Rehco, LLC v. Spin Master, Ltd., No. 13 C 2245, Slip Op. (N.D. Ill. Oct. 28, 2019) (Blakey, J.).

Judge  Blakey granted defendant Spin Master’s motion for supplemental claim construction and for summary judgment in this patent case involving remote control toy vehicles.

The Court previously construed the terms, but the Federal Circuit reversed for consideration of certain claim terms. First, the Federal Circuit held that “a signal” meant one or more signals, not one signal, as the Court originally determined. The Federal Circuit also remanded for consideration of whether the parties’ dispute on appeal regarding the “predefined-speed” limitation was an actual claim construction dispute and, if so, how it should be resolved. The Court adopted Spin Master’s proposed construction, requiring that a “predefined-speed” was “a speed programmed on the circuit board in advance to cause a vehicle to gain altitude.”

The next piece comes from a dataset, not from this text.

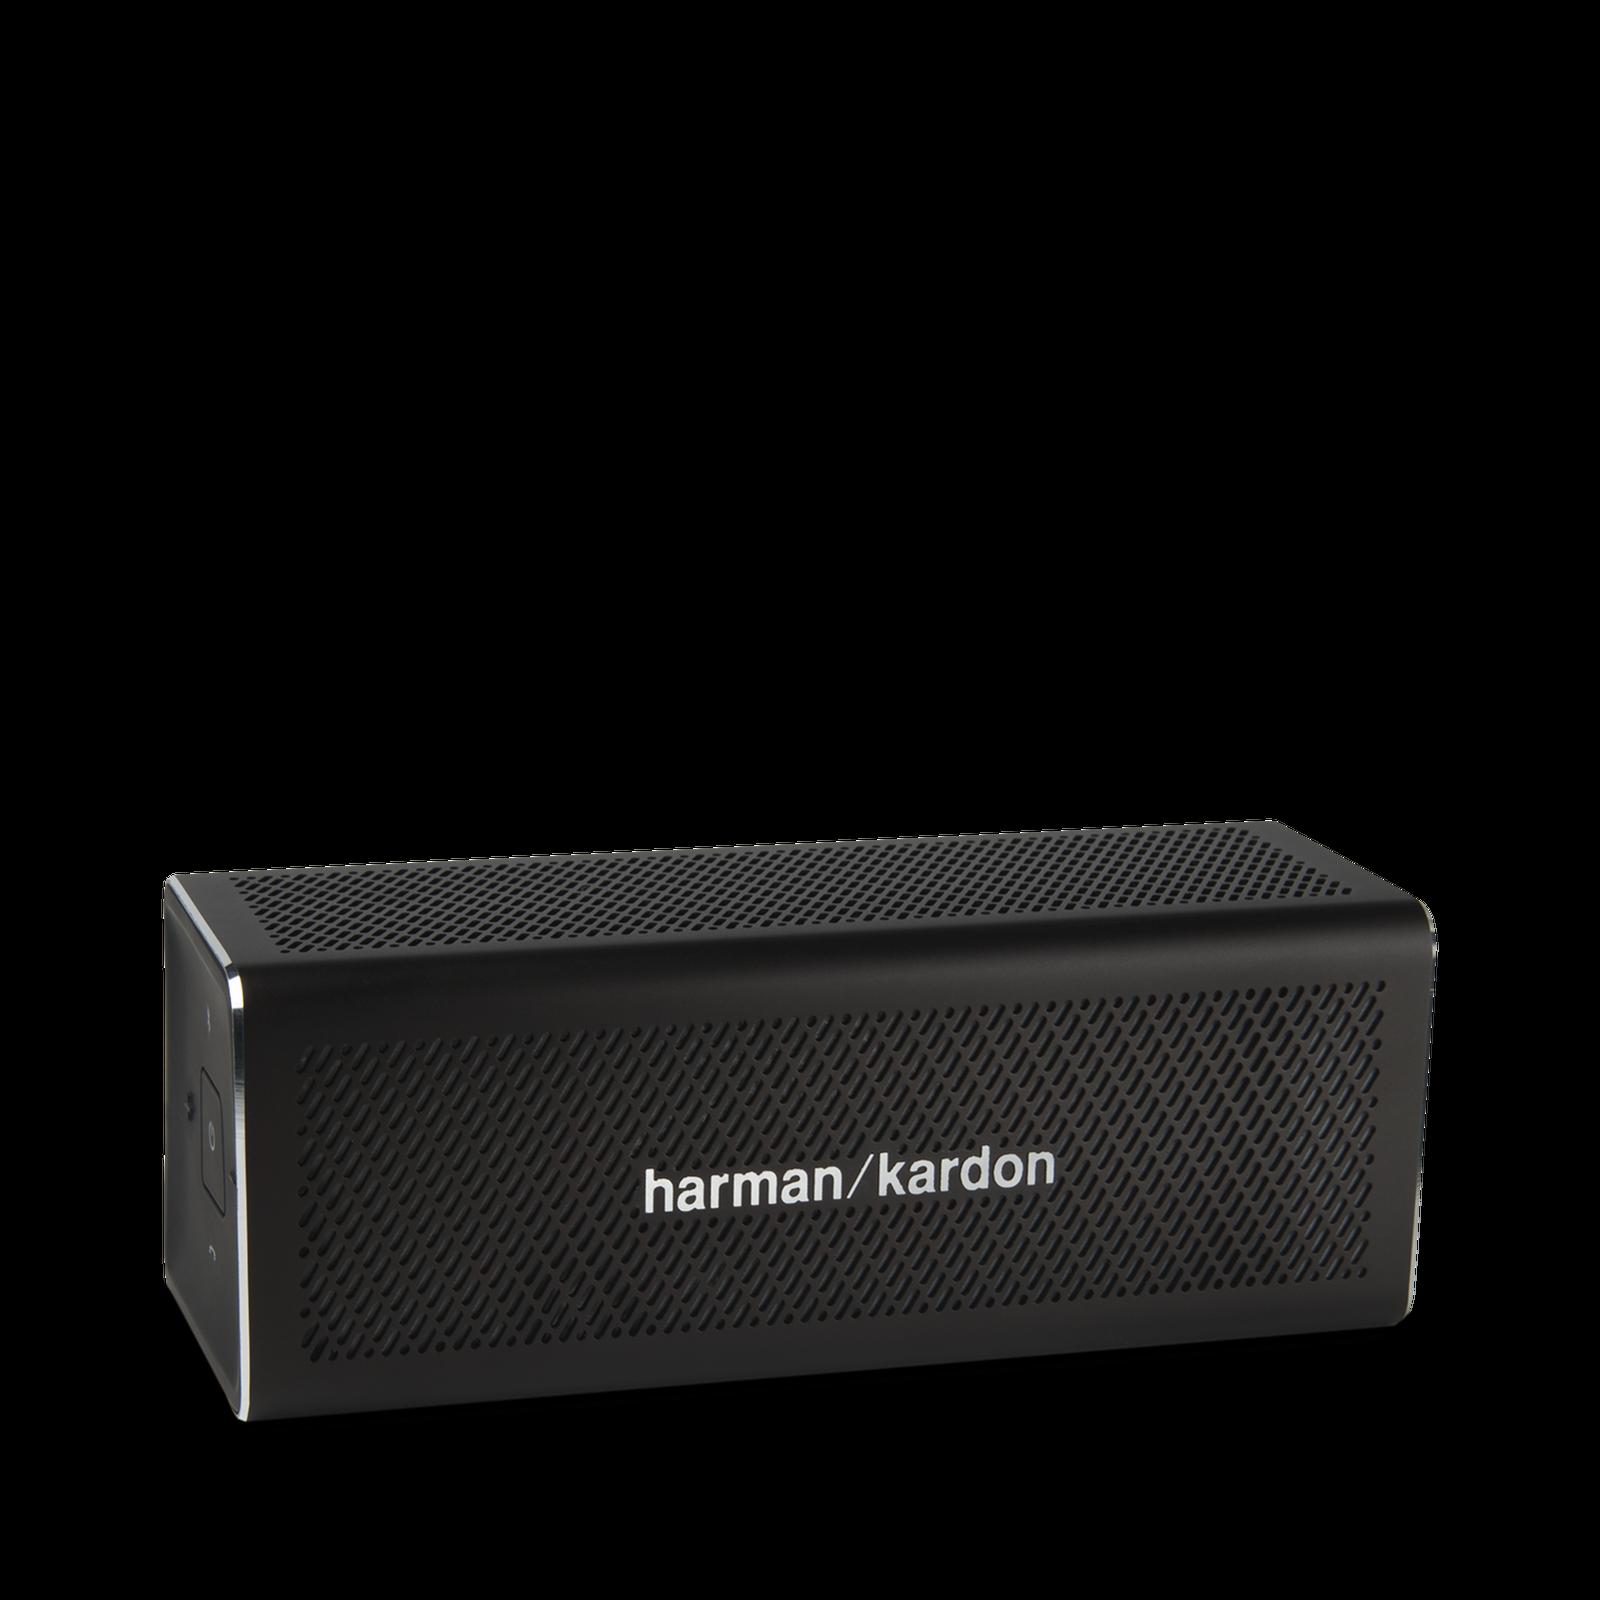 harman-kardon-hk-one-portable-bluetooth-speaker

Spin Master’s accused devices did not have a set speed programmed into the circuit board of the vehicle. But the vehicle did program the circuit board to modify the percentage of a pulse modulation by a predetermined amount which had the impact of increasing the speed. While that was not a literal infringement, Rehco argued it was an infringement based upon the Doctrine of Equivalents (“DoE”). The DoE analysis is a question of fact that must be determined by the trier of fact because there are facts supporting both parties’ arguments. As such, summary judgment was inappropriate.